(Exercise objective) I'd like the data below restated word for word, with the pictures left out.

(Data segment)

[Start of section]

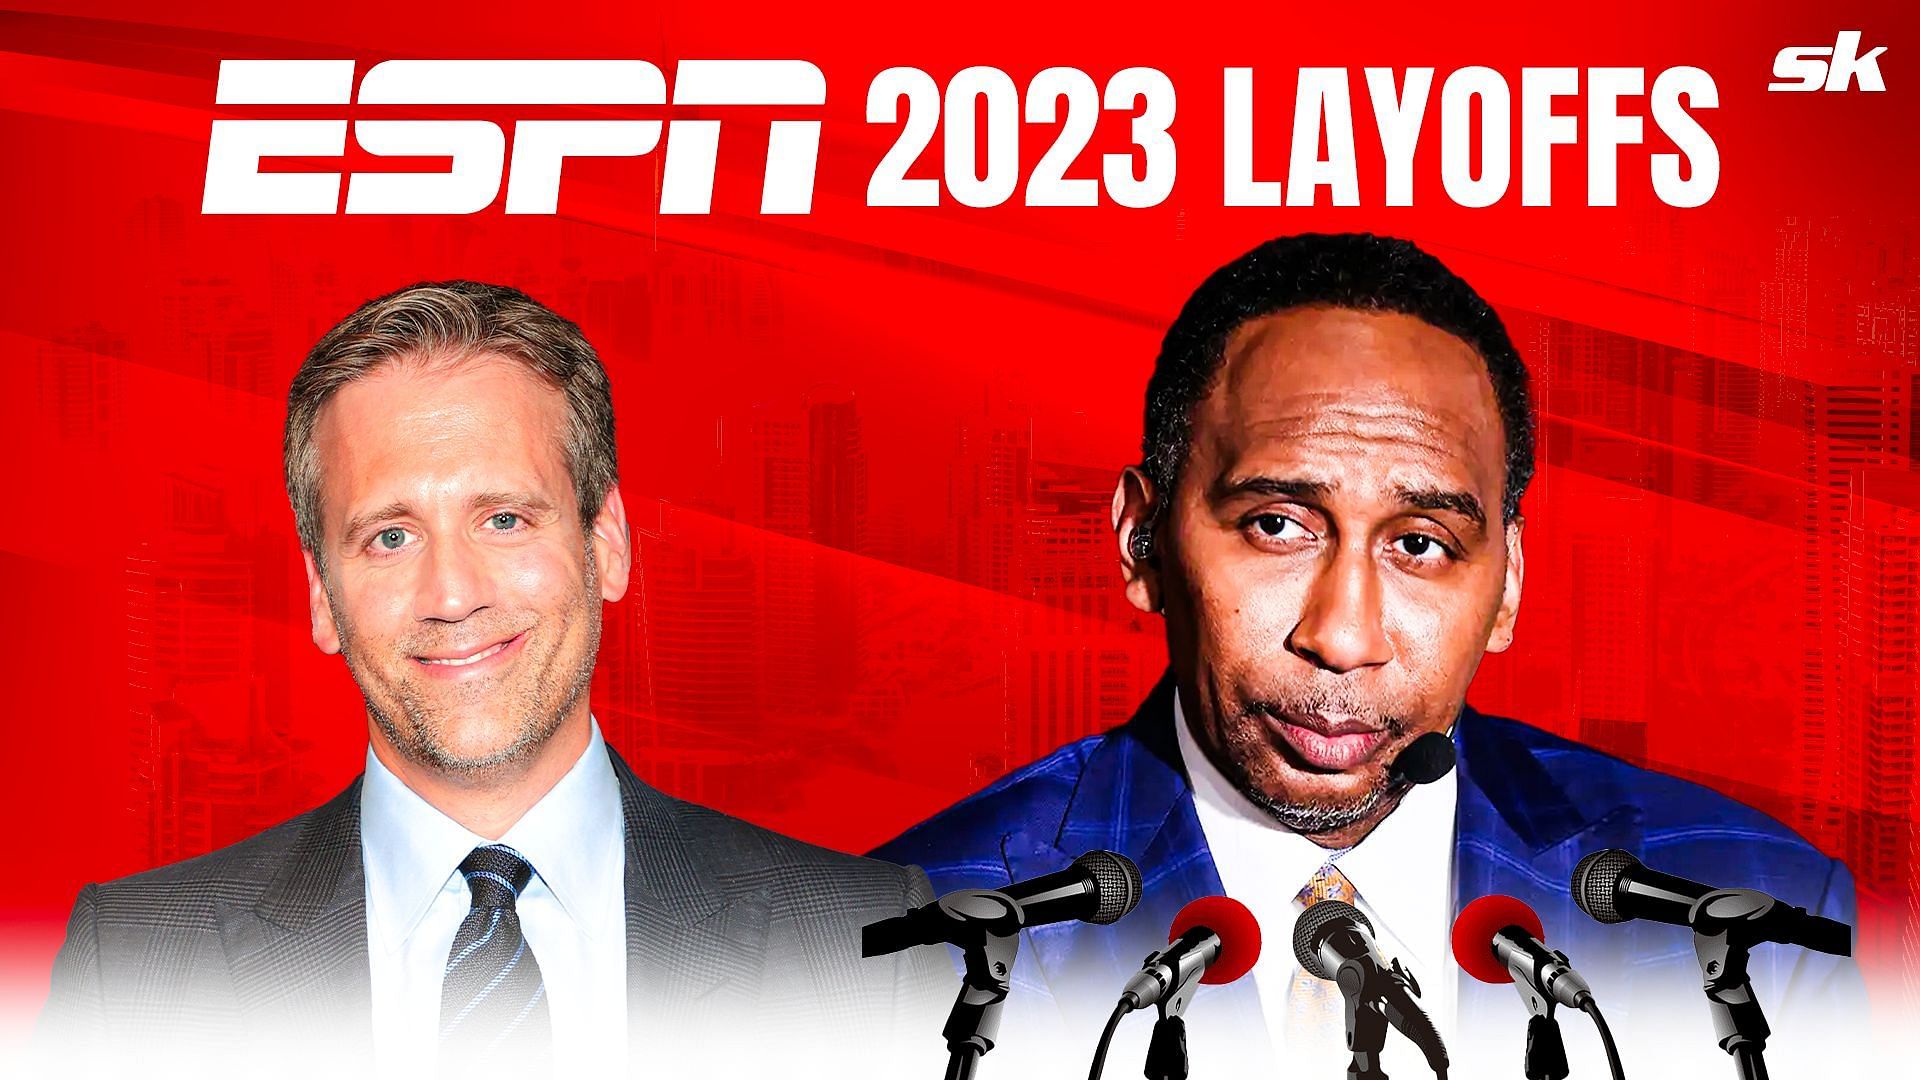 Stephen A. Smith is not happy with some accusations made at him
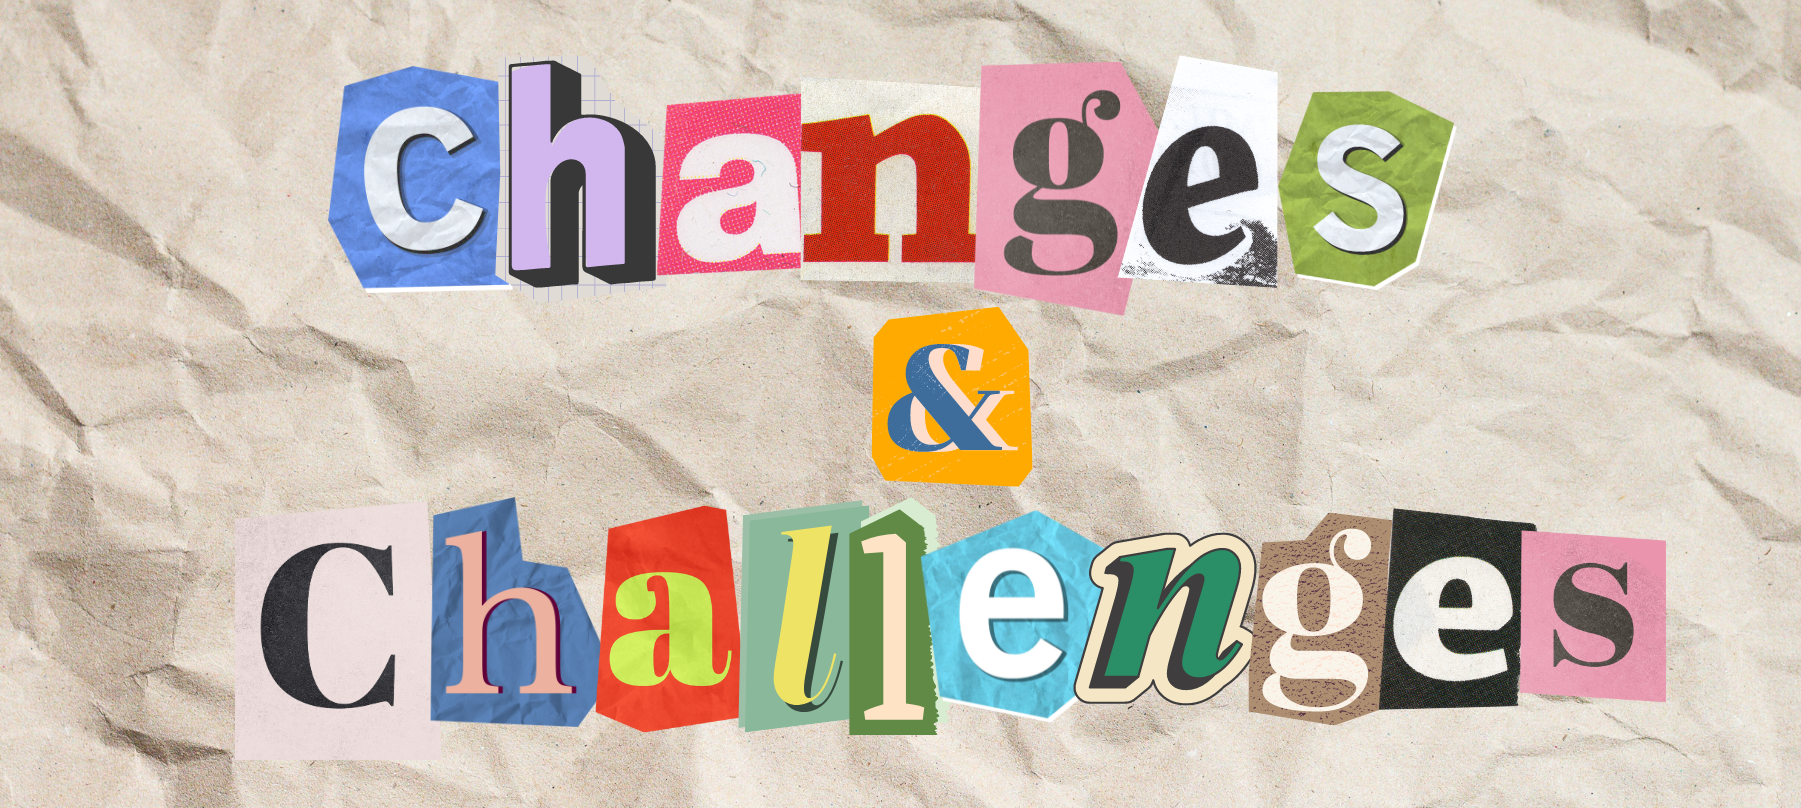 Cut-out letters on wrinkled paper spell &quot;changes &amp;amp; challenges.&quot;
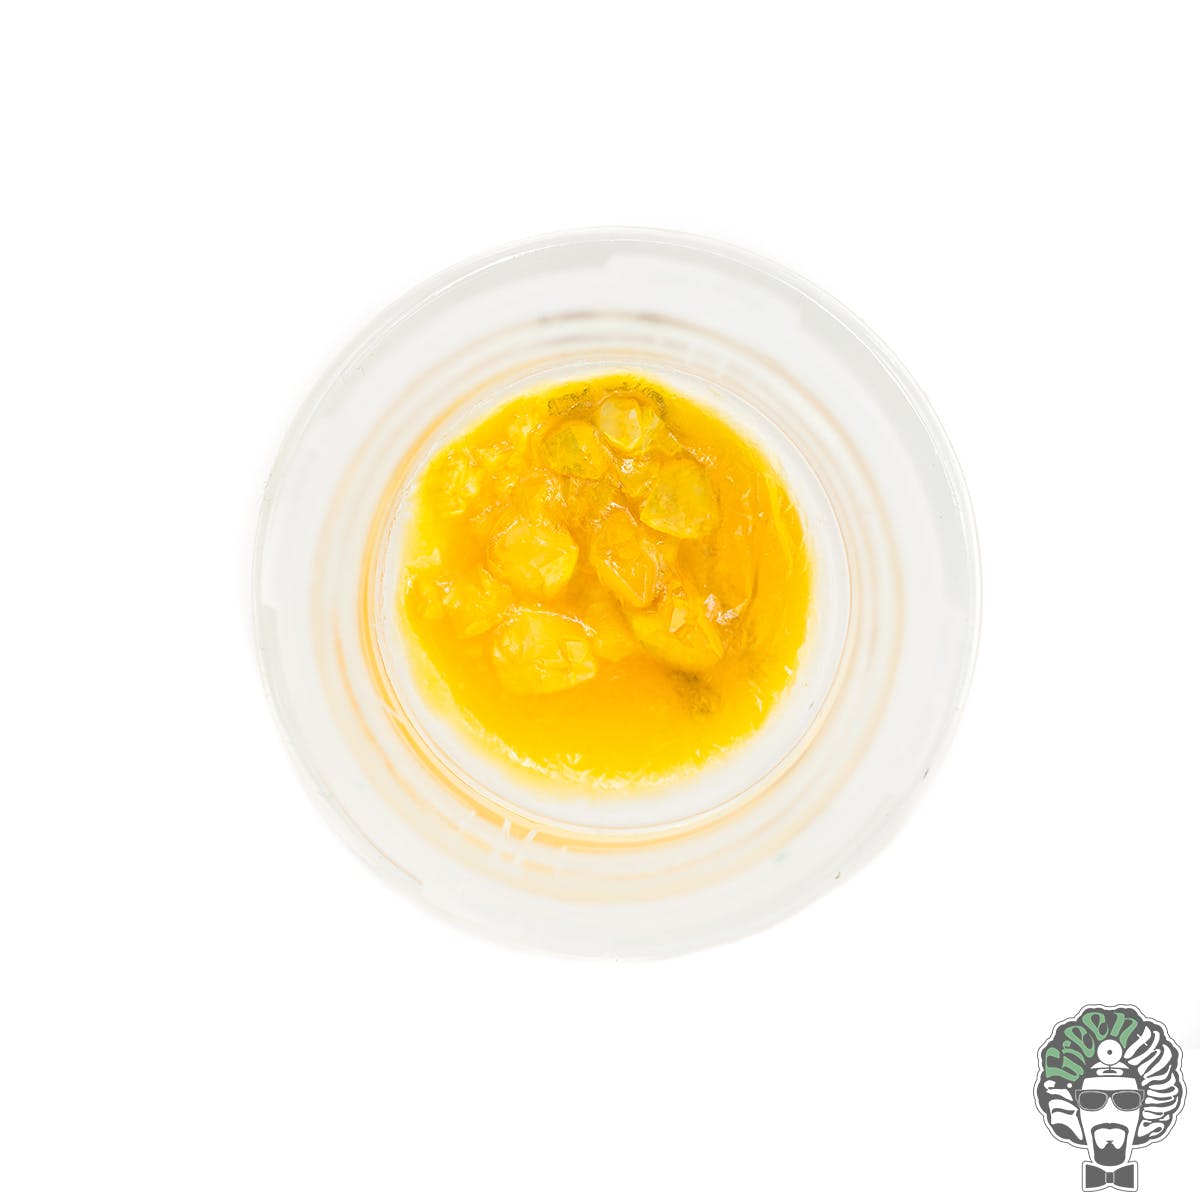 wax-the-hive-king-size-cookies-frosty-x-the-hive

[End of section]

(Task solution)
 Stephen A. Smith is not happy with some accusations made at him
 Cut-out letters on wrinkled paper spell &quot;changes &amp;amp; challenges.&quot;
 wax-the-hive-king-size-cookies-frosty-x-the-hive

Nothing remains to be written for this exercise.